The zone is expected to be 9 to 15 miles wide and expected to be implemented by mid-October, Russian President Vladimir Putin declared, according to the state-owned TASS news agency.

“At the meeting, we discussed in detail this situation (in the Idlib governorate) and decided to establish a [9 to 15 mile]-wide demilitarized zone along the contact line between government troops and the armed opposition by October 15, 2018 and evacuate radical militants, including Jabhat al-Nusra (a terrorist organization outlawed in Russia – TASS),” Putin said.

Jabhat al-Nusra refers to al-Qaeda’s branch in Syria, primarily based in Idlib.
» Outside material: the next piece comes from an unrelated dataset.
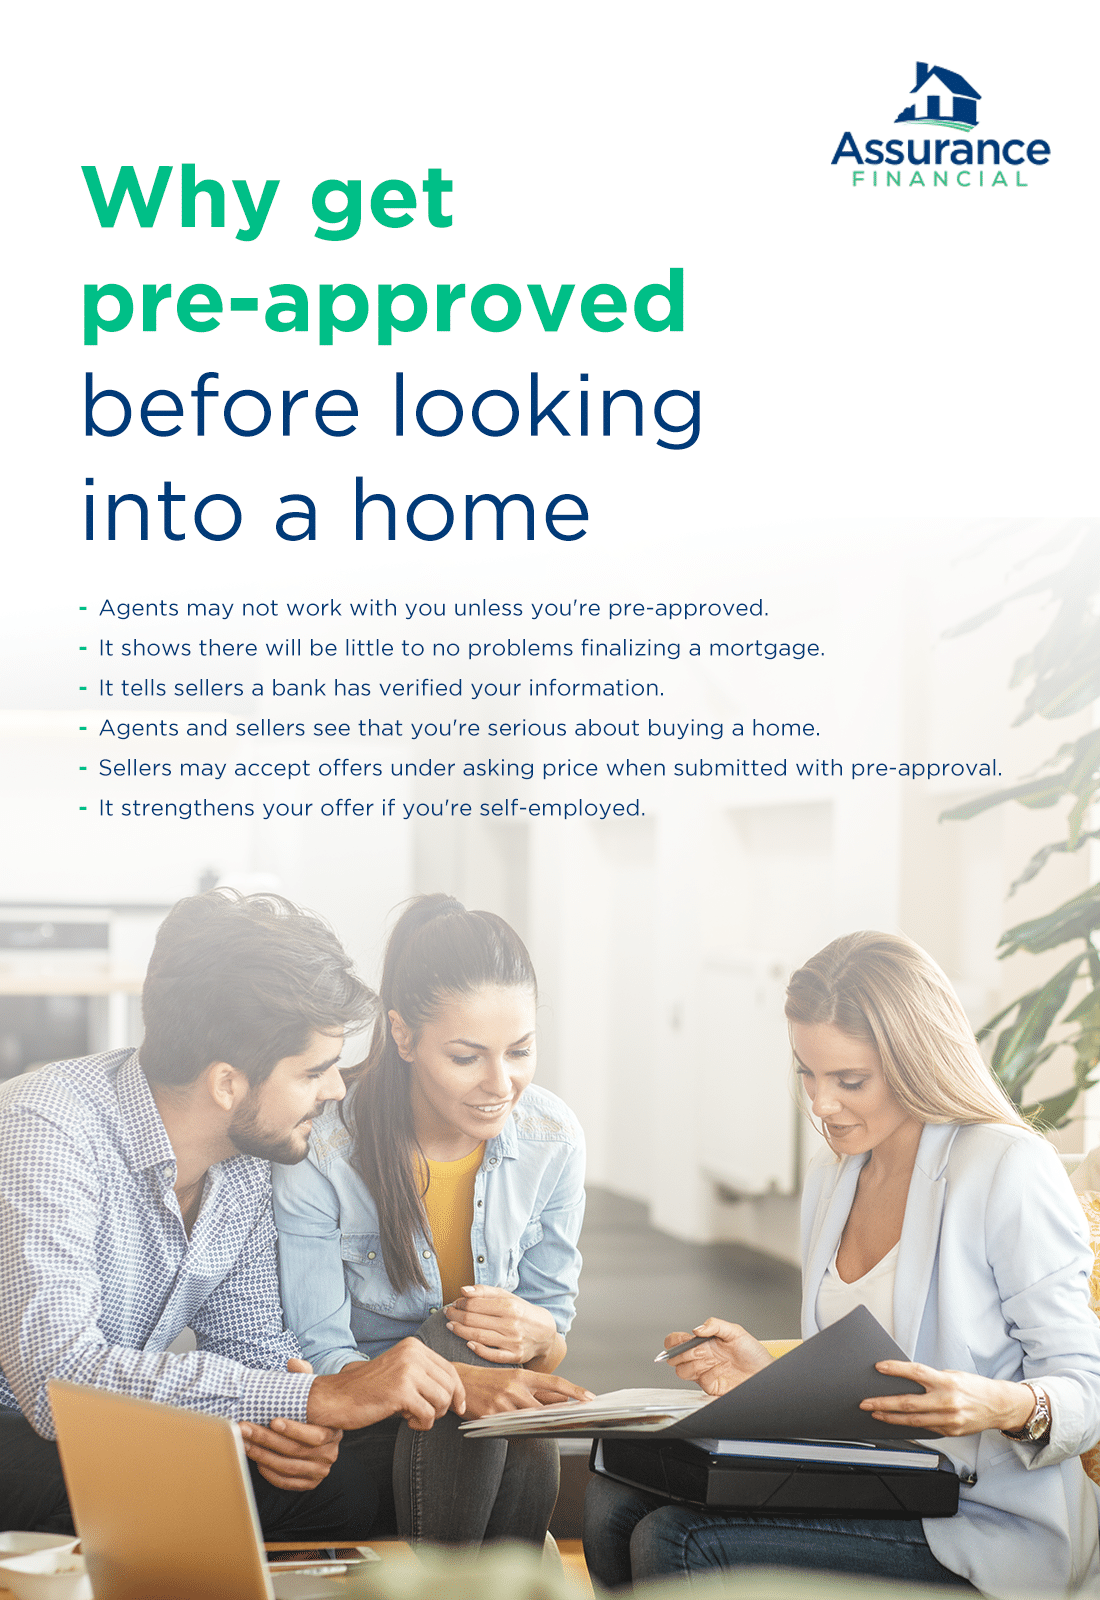 Why you should get pre-approved before looking at a home

Some analysts have deemed the wing to be al-Qaeda’s strongest branch.

Putin announced the demilitarized zone after meeting with Turkish President Recep Tayyip Erdogan on Monday at the Russian leader’s presidential residence in the coastal city of Sochi.

“I believe our joint statement following this meeting will give the region a new hope,” President Erdogan reportedly said, adding, “At the moment, I believe, not only our region but also the world is looking at Sochi today.”

Turkey’s Daily Sabah noted:

The province of Idlib in northwestern Syria is the largest bastion of the opposition, and Turkey has been eager to prevent a potential regime offensive there.

Russia calls Idlib a hotbed of terrorism and says the Syrian regime has the right to retake control of it. Turkey has appealed to Russia and Iran for a diplomatic resolution to the ticking bomb. At the same time, it has sent reinforcements to its troops ringing Idlib, a move designed to ward off a ground assault, at least for now.

Turkey has also warned about the presence of terrorist groups in Idlib, stressing ahead of the Sochi meeting that inaction would lead to “heavy consequences.”

“Let’s all take steps against terror groups among rebels,” Erdogan said Sunday, adding, “We should find a solution with Russia and [U.S.-led] coalition forces without giving any chance to this.”

Ongoing U.S. support for Syrian Kurds considered terrorists by Turkey has strained the relationship between NATO allies Washington and Ankara.

The Sochi meeting came ten days after a summit between Putin, Erdogan, and their Iranian counterpart Hassan Rohani, another Assad ally, failed to generate a compromise to prevent an expected Syrian government offensive in Idlib Province.